So, confession: usually when I make a joke about being an old person who doesn’t understand the apps the young people like, I joke about Yik Yak, which has a dumb name and also hasn’t exactly set the world on fire, but what really makes me panic is Snapchat, a wildly popular app/messaging service (?)/content consumption platform (???) that I honestly could not even begin to tell you how it works or what using it is like. Still, I’m one step ahead of the folks who make Blondie, since I was already pretty sure that it works only on phones, not computers, which a quick visit to their baffling and terrifying website seems to confirm.

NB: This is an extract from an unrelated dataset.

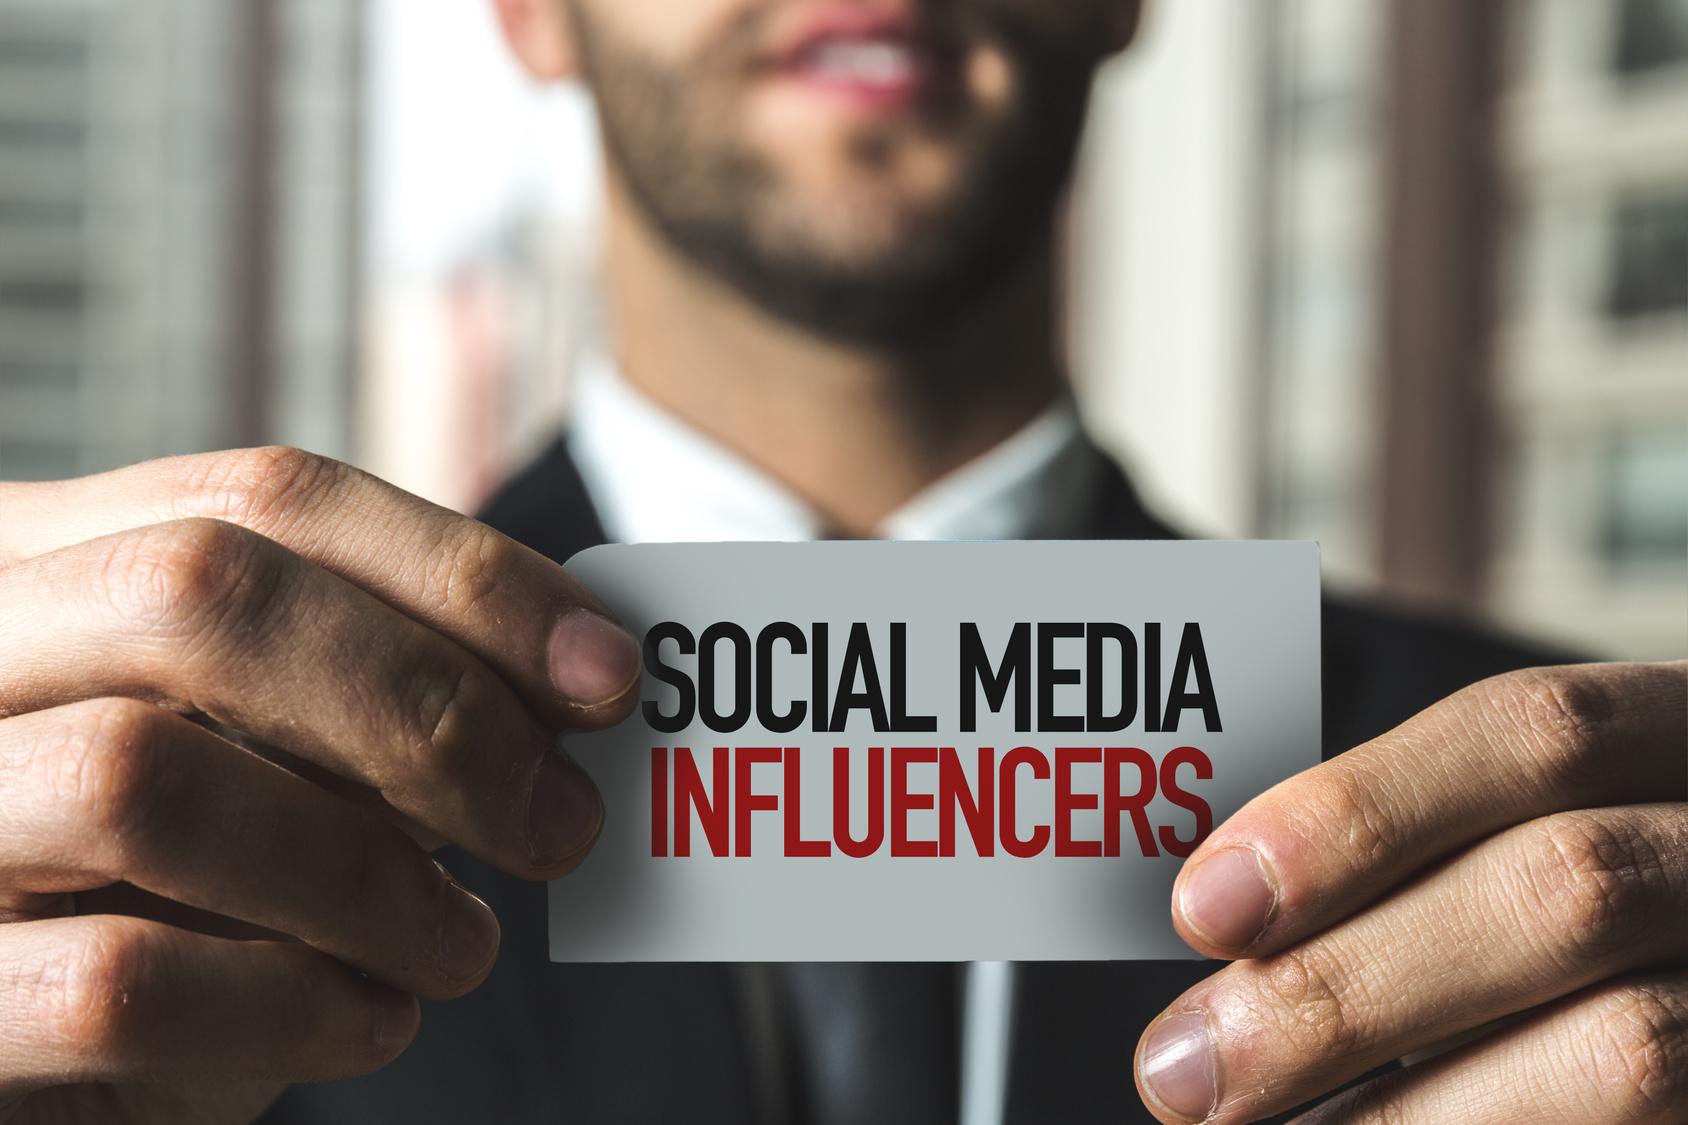 al Media Influencers

Having said all that, I don’t want to neglect the powerful and chilling core message of this strip, which is: this generation is so enamored with the idea of information being ephemeral that they’ve lost touch with the visceral world of matter. Dagwood destroys. Dagwood consumes. What once was, Dagwood makes not. If you’re not terrified, you should be.

Mark Trail, 4/8/17

One thing I definitely like in a kidnapper is that he takes an interest in the people he kidnaps. Like mostly they just throw you in the trunk of a car and hold you for ransom, but not this fellow! He wants to know Mark’s whole deal! What’s your name? What brings you to Rapid City, the city famous for people getting rapidly kidnapped at the airport the minute you get off the plane? It’s the final panel that really does it for me, though. “Oh, you’re going to the Indian reservation? Why? Are you some kind of writer or something? Just another white guy with a journalism degree looking to indulge your stereotype of a noble, vanishing people and write a 6,000 word pseudo-literary feature for some Condé Nast publication, where your kill fee is higher than the average annual income on the rez? You people make me sick.”

Rex Morgan, M.D., 4/8/17

“I’m only going to say this one: We’re sending Sarah to public school because it’ll be better for her, OK? Not because we’re poor. Got it? Don’t you dare even think that.”